人間が生活してゆくのに自然は不可欠であるとすれば、どのように向き合ってゆくのが最適なのでしょう。環境史を研究している学者たちは、どのように考えているのでしょうか。 / 〈共生〉とはそもそもどのような状態なのでしょう。

この問題は、単に政治や社会、経済の問題としてのみ捉えるのではなく、ヒト以外の生命をどのように考えるのか、われわれは彼らとどのような関係を取り結んでゆくべきなのかという、倫理の問題でもあります。ぼくは仏教者でもありますので、あらゆる生命に優劣をつけない、一方が一方を素材として利用したり、抑圧する関係は可能な限り否定してゆく、〈生命圏平等主義〉の考え方を持っています。この思想は、生態系の原則が基本的には〈共生〉にあること、一般にいわれる〈弱肉強食〉は、人間の価値観を投影したものに過ぎないこと、などに根差しています。
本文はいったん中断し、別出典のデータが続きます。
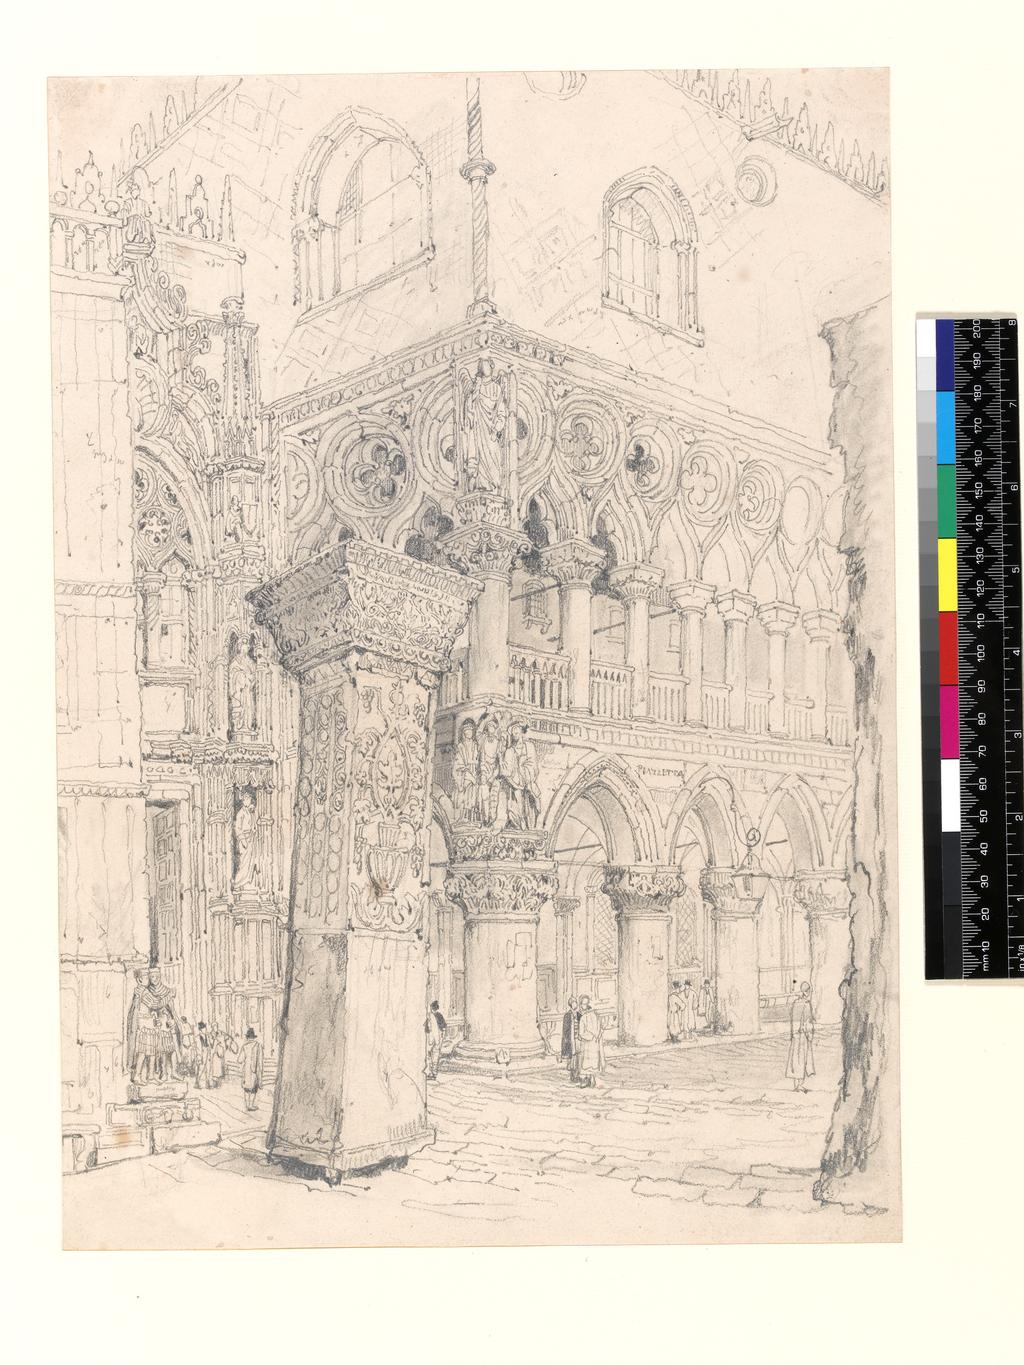 An image of Prout, Samuel (British). The Piazzetta, Venice. Graphite on paper, laid down on mounting card, 362 mm x 259 mm, 19th Century.
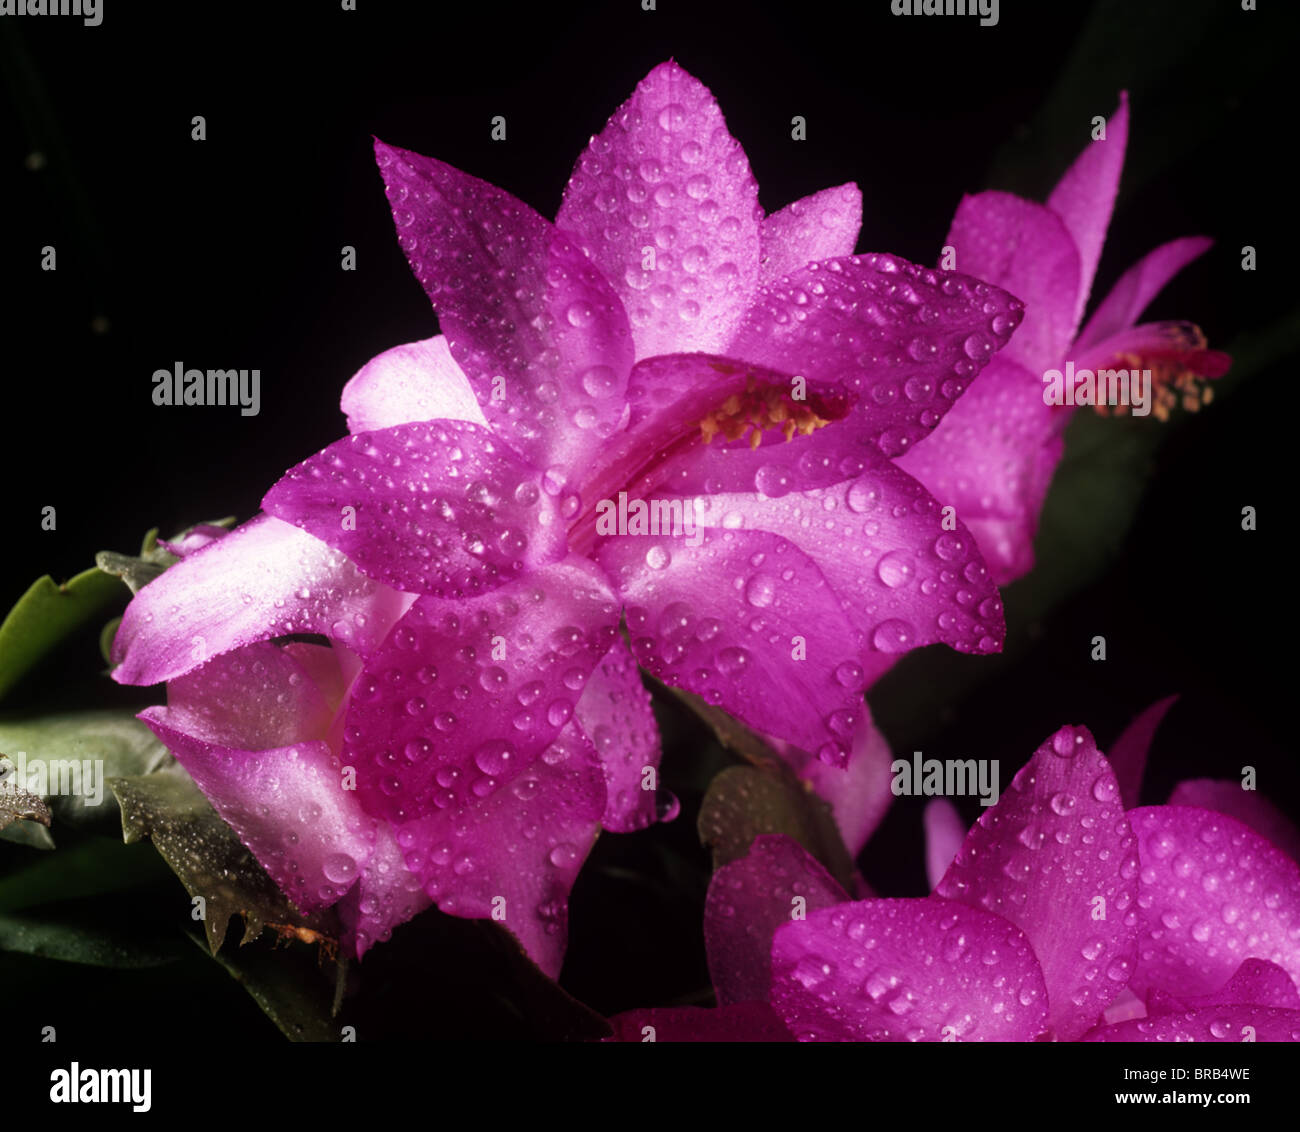 Flowering Christmas cactus (Schlumbergera truncata) with water drops and backlit Stock Photo

ロシアに生まれ、日本民俗学の父である柳田国男宮本常一らに大きな影響を与えたピョートル・クロポトキンは、『相互扶助論』を著し、生命の反映は共生に拠るものとし、帝国主義を正当化する適者生存の思想を批判しました。しかし、こうした考え方を原理的に押し通せば、恐らく人間は基本的な衣食住を営むこともできなくなってしまいます。翻って人間社会内部のことを考えると、やはり求めるべき倫理は多様性を尊重する共生社会ですが、それを実現するためには自己の利害を追求するだけでなく、他者の立場を了解したうえで交渉し、合意形成を果たしてゆくことが肝要です。ヒトと他の生命の間も、基本的には同じと考えていいでしょう。しかし、アメリカ等で植物や土地に法的権利を認めるといった見方もあるものの、草木や昆虫はもちろん、一定の意志疎通が可能な動物との間にも、人間と同じ意味での合意形成を達成することは難しいでしょう。ゆえに、われわれ自身が文明を維持したい、発展させたいという欲望を抑制しつつ、この地球上に生きる同朋たちのことをよく知り、試行錯誤を繰り返しながらでも共存共栄を求めてゆくことが肝要と思います。